** EXERCISE INPUT follows **

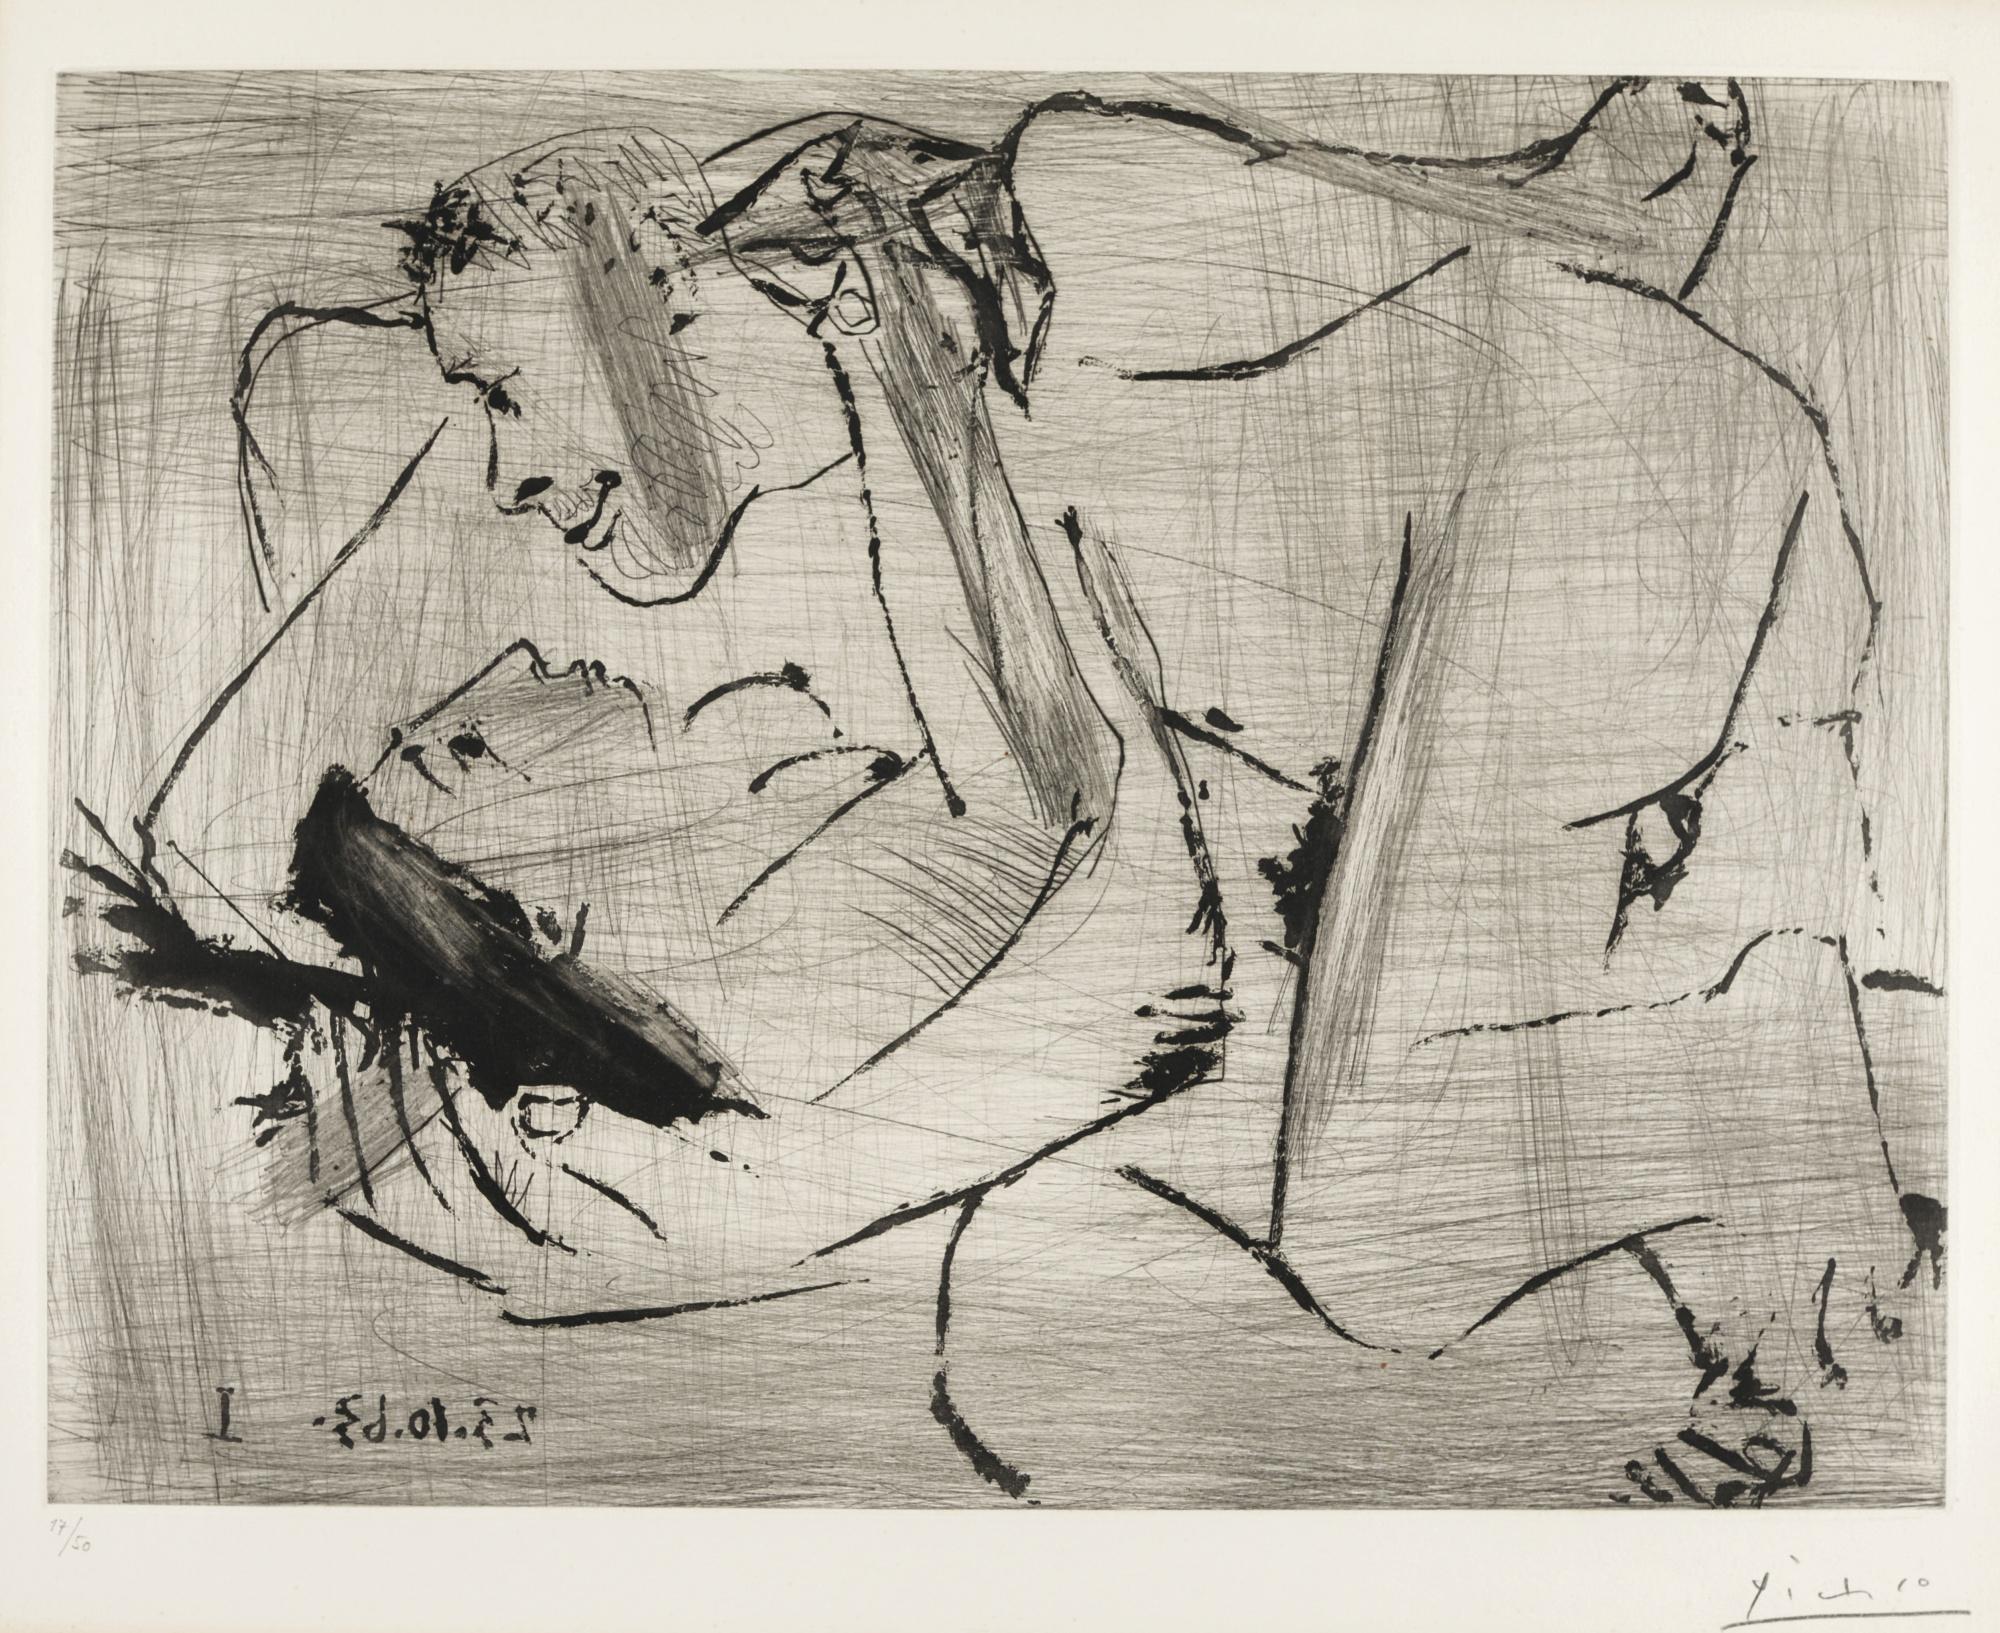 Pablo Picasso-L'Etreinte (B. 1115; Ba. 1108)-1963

** End of EXERCISE INPUT **
** EXERCISE INPUT follows **

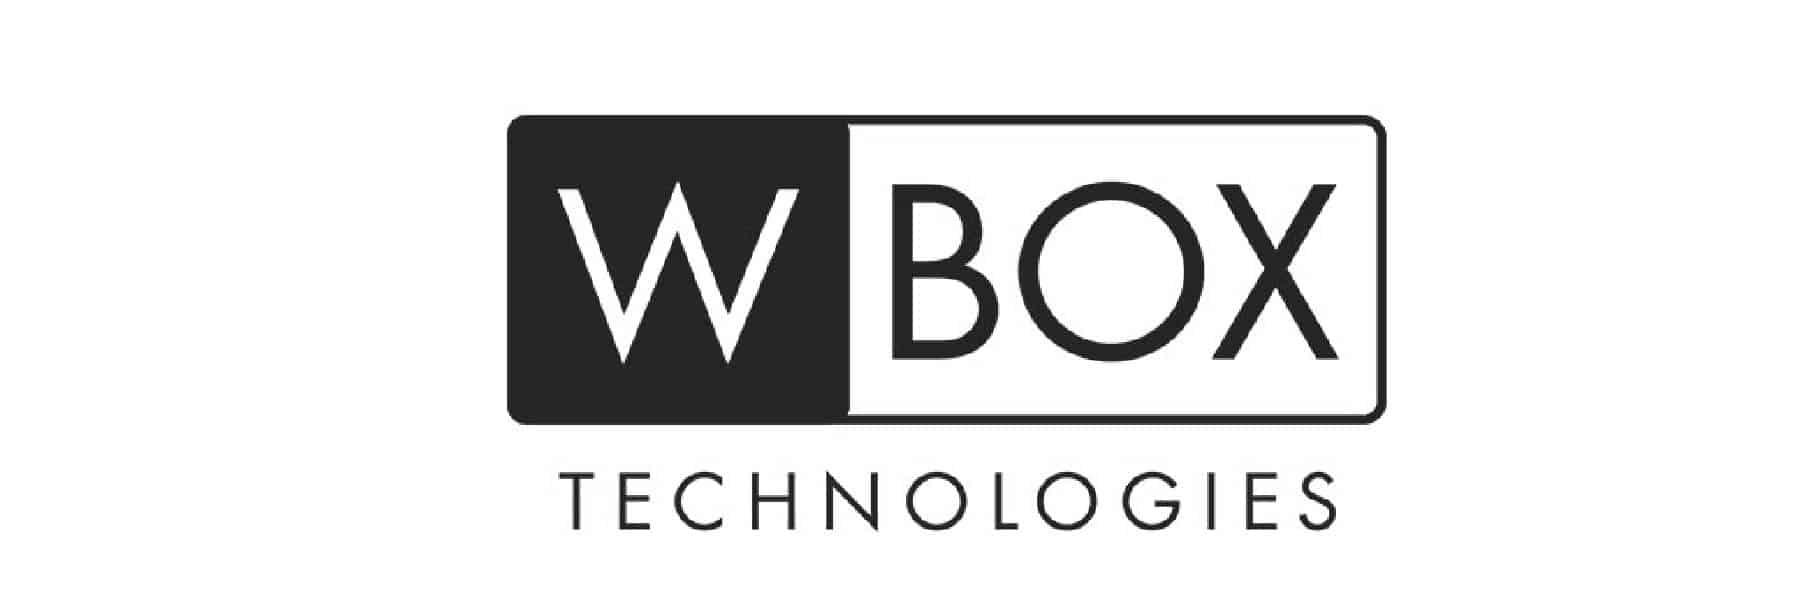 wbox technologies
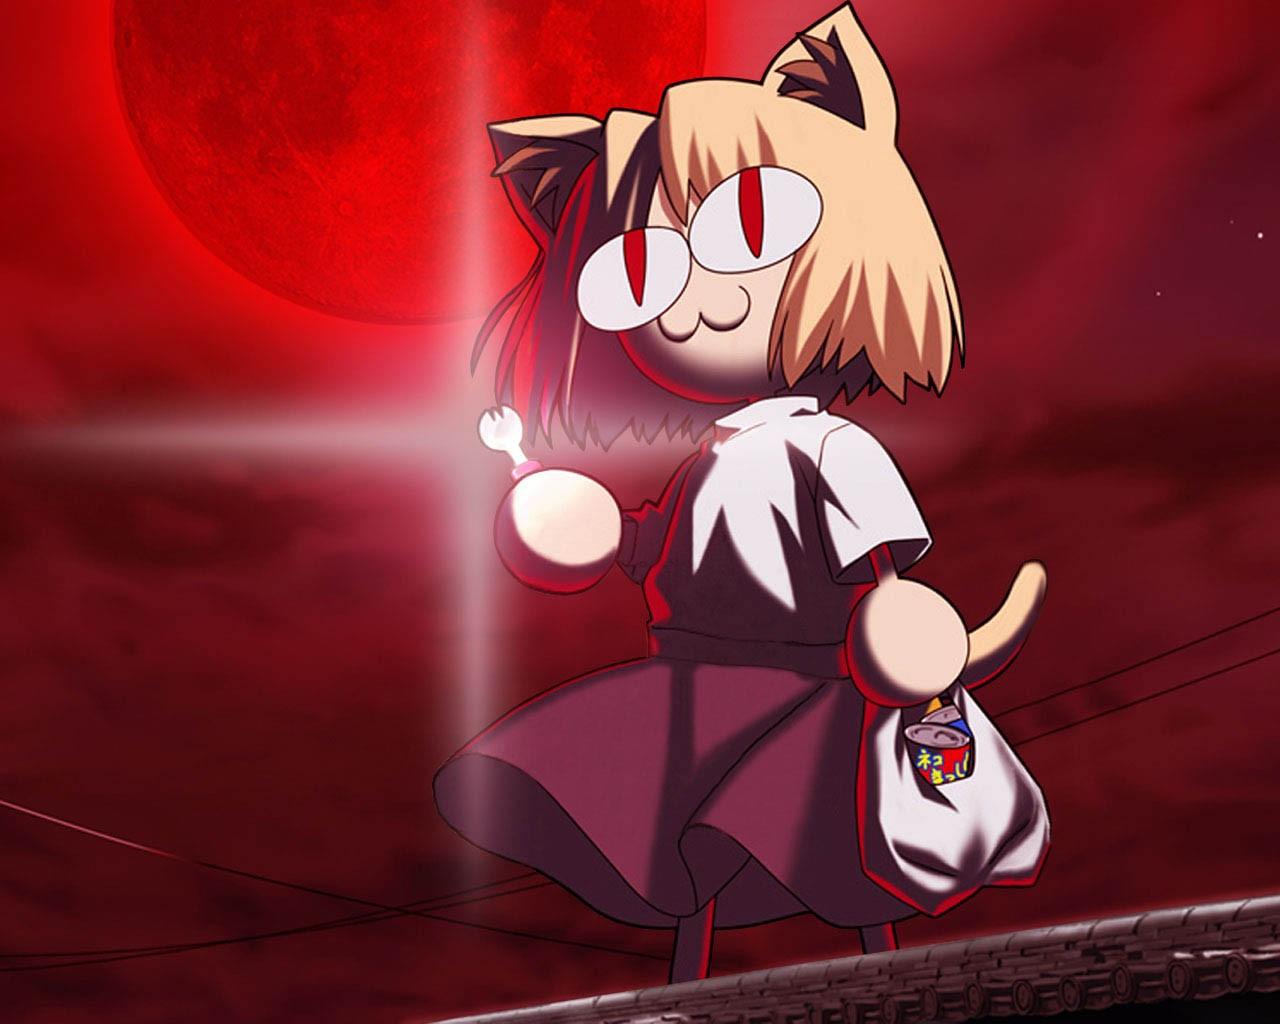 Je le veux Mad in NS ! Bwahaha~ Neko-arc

** End of EXERCISE INPUT **
** EXERCISE INPUT follows **

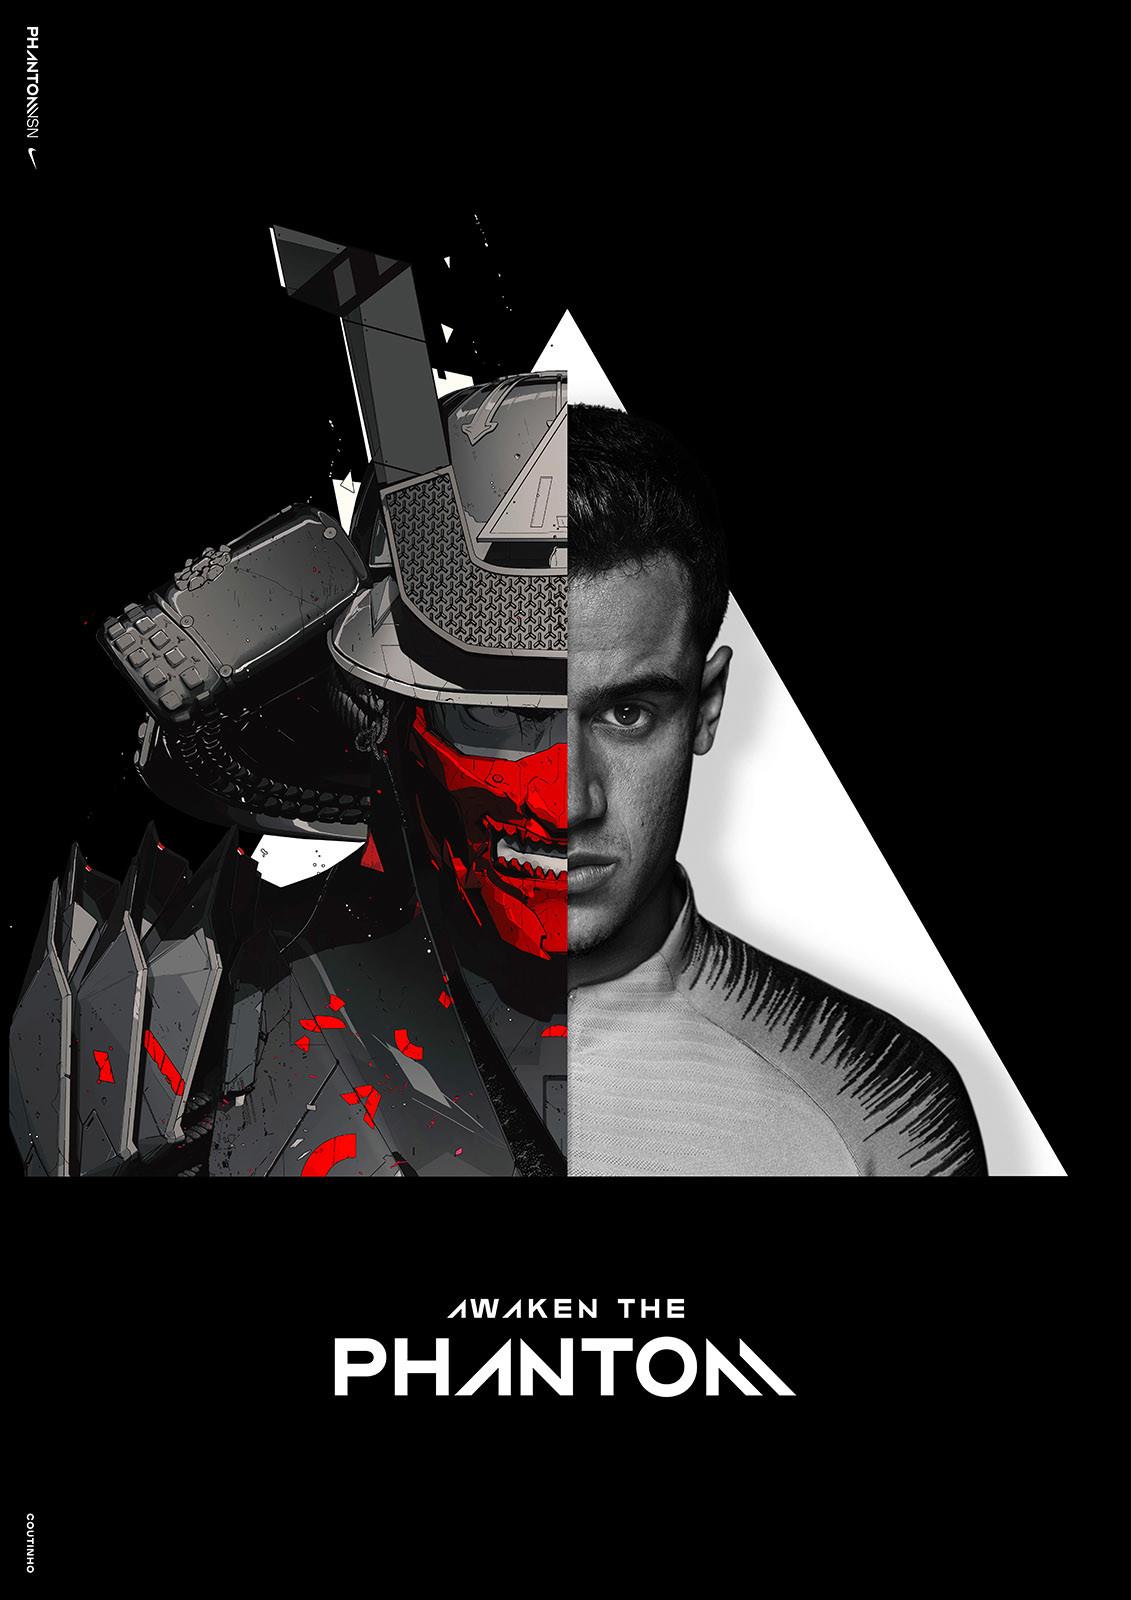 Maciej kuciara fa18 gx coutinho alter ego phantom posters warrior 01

** End of EXERCISE INPUT **

What are the lines in the records above, word for word, from the one containing "wbox technologies" through the one containing "Je le veux Mad in NS ! Bwahaha~ Neko-arc", both ends included and pictures left out?

 wbox technologies
 Je le veux Mad in NS ! Bwahaha~ Neko-arc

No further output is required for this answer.